Although its much higher cost should give some pause, the zero shot extraction capabilities of the new Sonnet and Haiku models greatly surprised us. Here’s the same charts again, with the newer/more expensive Anthropic models:

Benchmark with Claude 3.5 Models

That’s a whopping 13.8 point jump on CrawlBench-Hard between 3 Haiku and 3.5 Haiku, though it is 4x more expensive, it is still ~4x cheaper than Sonnet, which itself saw a sizable 7.2 point CrawlBench-Hard bump between the June and October 3.5 Sonnet versions.

In other words, if you don’t have time or have a wide enough scrape data set that you cannot afford to craft a custom prompt, you could simply pay Anthropic to get a pretty decent baseline.

> Note: We considered adding the other newer bigger models like the o1 models but they do not yet support structured output and in any case would be prohibitively expensive and not realistic for practical extraction use.

Conclusion

Structured Data Extraction is a fundamental building block for any web-browsing LLM agent.

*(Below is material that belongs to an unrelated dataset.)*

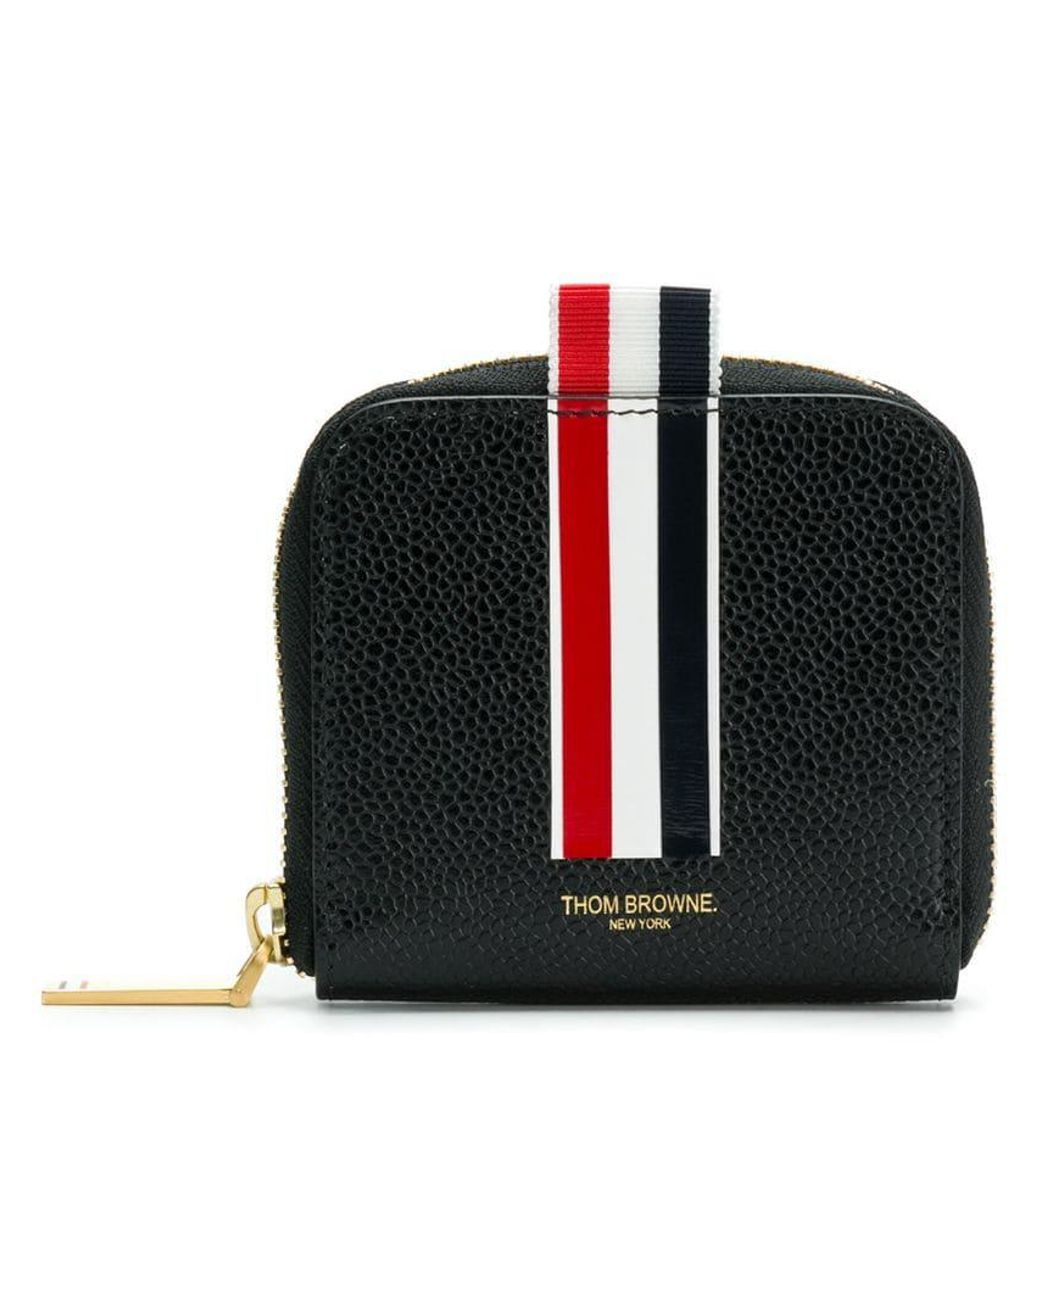 b5981032d42b Lyst - Thom Browne Vertical Inatarsia Stripe Zip-around Cardholder In Pebble  Grain Leather in Black for Men

We introduce CrawlBench-Easy and CrawlBench-Hard as a set of simple, realistic, reproducible benchmarks that any LLM Extraction tool can be evaluated against, offering enough data points to elucidate significant differences in model and prompt performance that line up with intuitive priors. We are by no means done - CrawlBench-Medium with its survey of e-commerce, social network, and admin panel scenarios is a possible next step - but with this initial publication, we are now able to quantify and progress the state of the art in LLM Extraction.